В качестве более яркого примера того, как мотив используется для объединения тематического ряда, приведем образ волшебного фонаря, лежащего в основе главы о многочисленных гувернерах Набокова. Один из тех гувернеров, которые продержались дольше других, Ленский, организовал для своих ленивых подопечных и их друзей образовательные сеансы с показом картинок волшебного фонаря. На первом представлении были показаны самодельные раскрашенные слайды, иллюстрирующие эпизоды поэмы Лермонтова «Мцыри», в то время как Ленский читал поэму вслух. Набоков пользуется образом волшебного фонаря как рамкой для перечисления череды учителей, осветивших его юность, и заканчивает главу изумительно подробным и чувственным описанием семейного чаепития в саду, где на месте учителя возникает череда кадров, снятых как бы «из затемнения» и «в затемнение» — реприза темы главы.
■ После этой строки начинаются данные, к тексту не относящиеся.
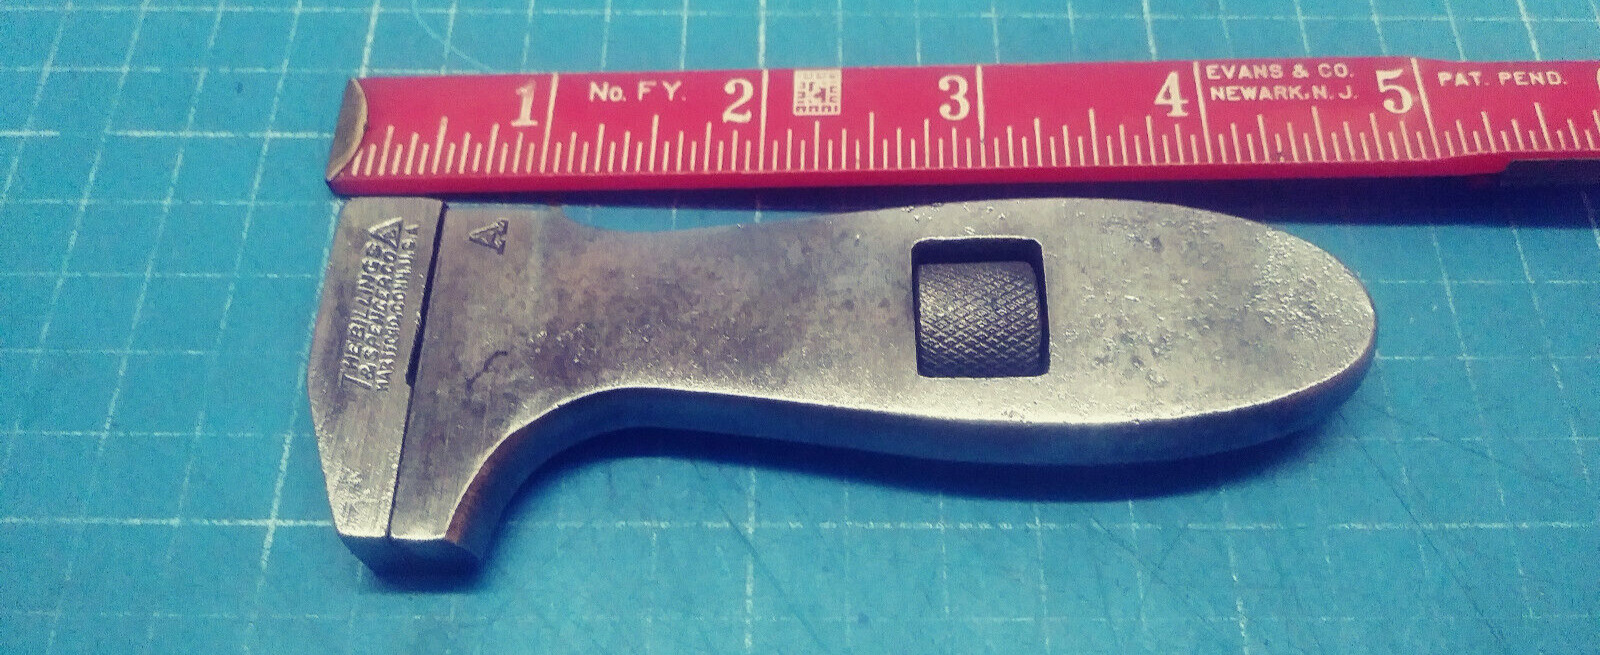 The BILLINGS SPENCER CO. Spanner Pocket Bicycle Wrench A 4”

И только ретроспективно читатель понимает, что псевдоним «Ленского», организатора сеансов показа волшебного фонаря, образован от слова «линза» («lens» — Tenski) — линза волшебного фонаря памяти.
Возможно, самое удивительное в «автобиографии» Набокова — то, что вроде бы туда не вошло. Бросается в глаза отсутствие двух тем: супружество автора и его литературная деятельность.
В предисловии Набоков отмахивается от своих произведений, отсылая читателя к предисловиям его переведенных русских романов, которые, как он говорит, «дают достаточно подробный и красочный отчет о творческой составляющей моего европейского прошлого» (CP 5, 322). В биографию вошло только воспоминание о сочинении первого стихотворения Набокова и о его юношеских попытках стать поэтом. Позже, описывая литературную среду русской эмиграции, он посвящает один абзац блестящему, хотя и зачастую неправильно понимаемому таланту некоего Сирина, который исчез с эмигрантской сцены так же таинственно, как и появился. Читатель, видимо, должен знать, что «Сирин» возродился к жизни в Соединенных Штатах под именем Набокова. В общем, довольно странная автобиография для писателя. Однако мы увидим, что, вопреки кажущемуся отсутствию, тема творческой жизни Набокова неоднократно символизируется в воспоминаниях синестетической радугой. Подобно тому как многие из глав автобиографии имеют свои мотивы, «Память, говори» в целом объединяется главным мотивом синестетической радуги.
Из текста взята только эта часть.